Did you ever happen to do the Keyword Research of the century? To feel super satisfied for having thoroughly dug up every single keyword concerning a specific sector and pull a big sigh of final relief?

Did you ever happen, immediately after, to analyze the huge collection of keywords and not have the slightest idea of how to manage and group them to define the editorial plan?

  • How many articles do I have to write?
  • How many of these keywords could be ranked with the same article?
  • Which instead need a dedicated article with a specific focus?

I think this happens almost every time we finish the keyword research phase and we have to inexorably move to the action to get results with our content.

Obviously this happened to me too, until I decided to automate a series of SERP analysis processes that I used to manually do so to draw my conclusions and succeed in dividing my keyword research into keyword groups on which to focus the writing of each article.
The main problem of this activity was not so much the logical grouping but rather having the certainty of doing the right thing.
Probably my groupings made sense for me but would not have it for the search engine.
Google would probably have preferred for some particular focus on the subject to be omitted from the main article and covered in more detail in a related article.

The new SEOZoom Search Intent algorithm is born

And exactly from the analysis of Google’s behaviour we were able to create a new algorithm that can provide important insights for you to be able to make strategic decisions concerning the drafting of any article and the main focus to base it on, but most of all all on which keywords it is possible to obtain results and on which would be the case to create a secondary content.
All in all, this is what I have always wanted and that, I think, everyone has been waiting for a long time now.

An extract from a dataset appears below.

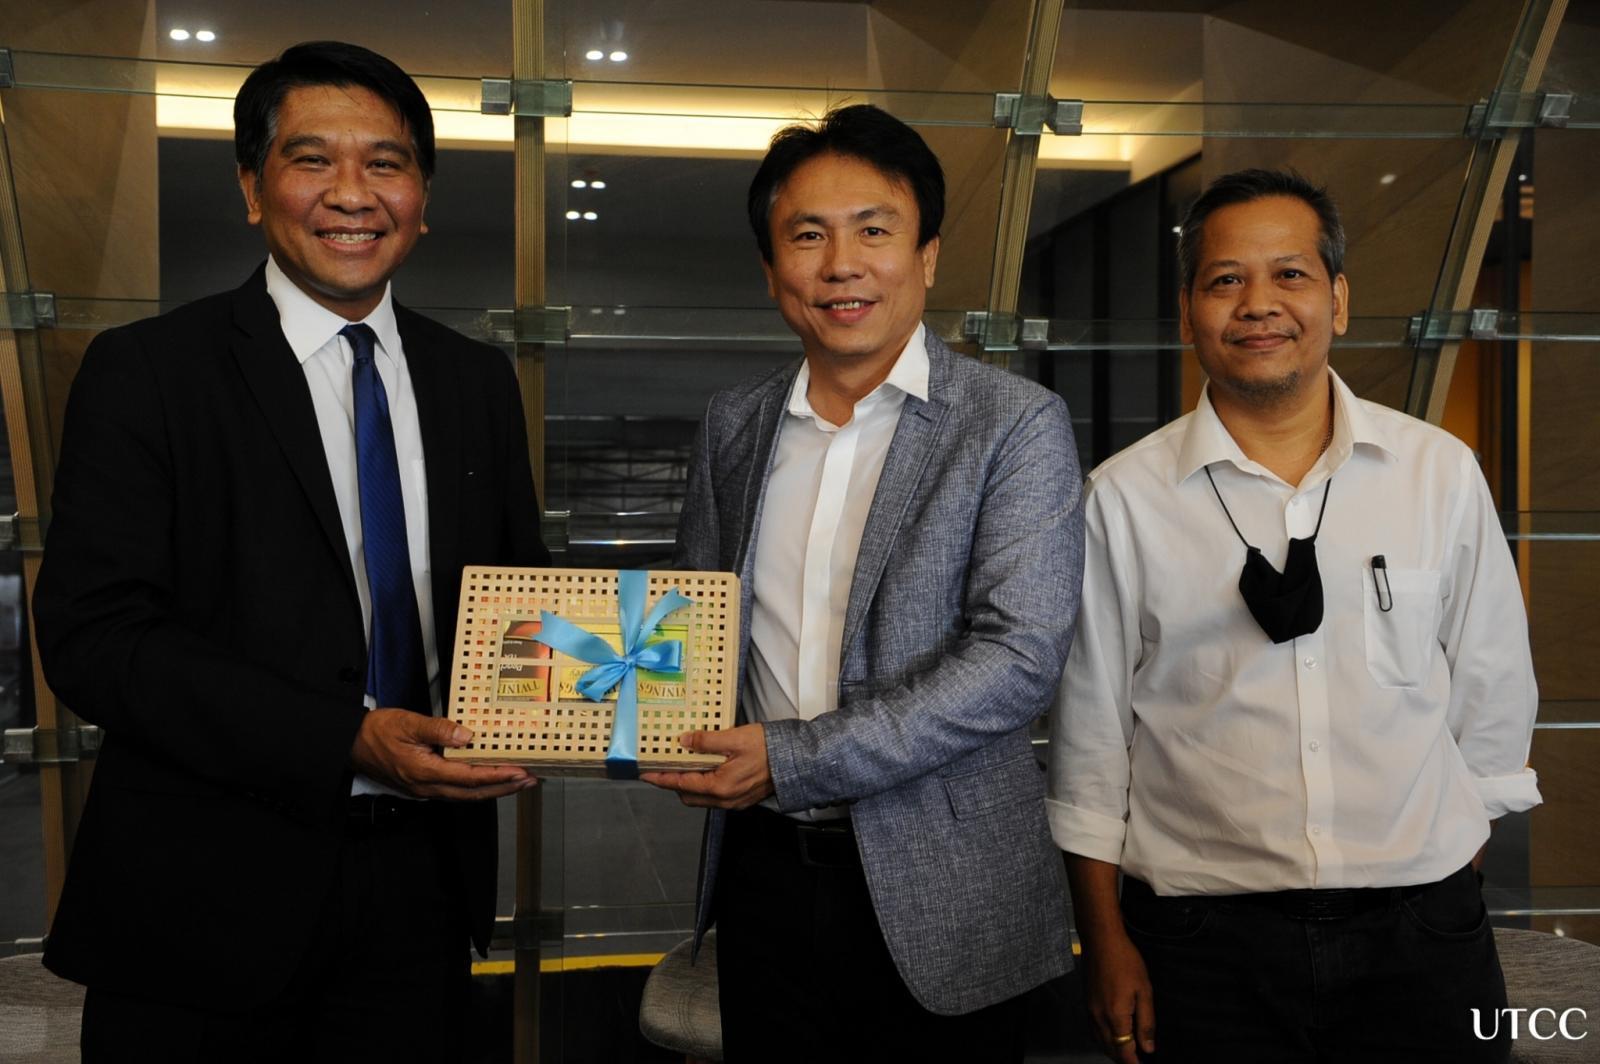 """ม.หอการค้าไทย เฟ้นหาดาว ยูทูบเบอร์ ผุดโครงการ """"ยิ่งรู้จัก ยิ่งรัก You…UTCC"""""""

Let’s look at the first data provided whenever we analyze a keyword

classic apple pie recipe

In the case of the keyword “Classic apple pie recipe” the new algorithm tells us immediately that it is not a Main Key, a.k.a that it is not the case to focus an article on it in order to make it rank on Google, if we want to rank with this keyword the article focused on the Main Keyword “Apple Pie recipe” will already do the job.

In the next four boxes we find very important information that will then be deepened further down the page.

  1. Keyword with same Intent
    It is the number of keywords we could place in TOP10 with a single article on the main keyword
  2. Main Intent total volume
    The total search volume for which we could compete with just one article, the one on the main keyword.
  3. Identified topics
    It is the number of relevant terms detected by analyzing all the keywords. They represent some important focus to consider in the article.
  4. Secondary topics
    These are all the keywords you do not want to insert in the main article as the search engines currently prefer specific pages on the topic and not the main article written for the Main Key.

The summary data already represent a very interesting information but, as you know, Seozoom is made by SEOs for SEOs, so we wanted more, we wanted the details.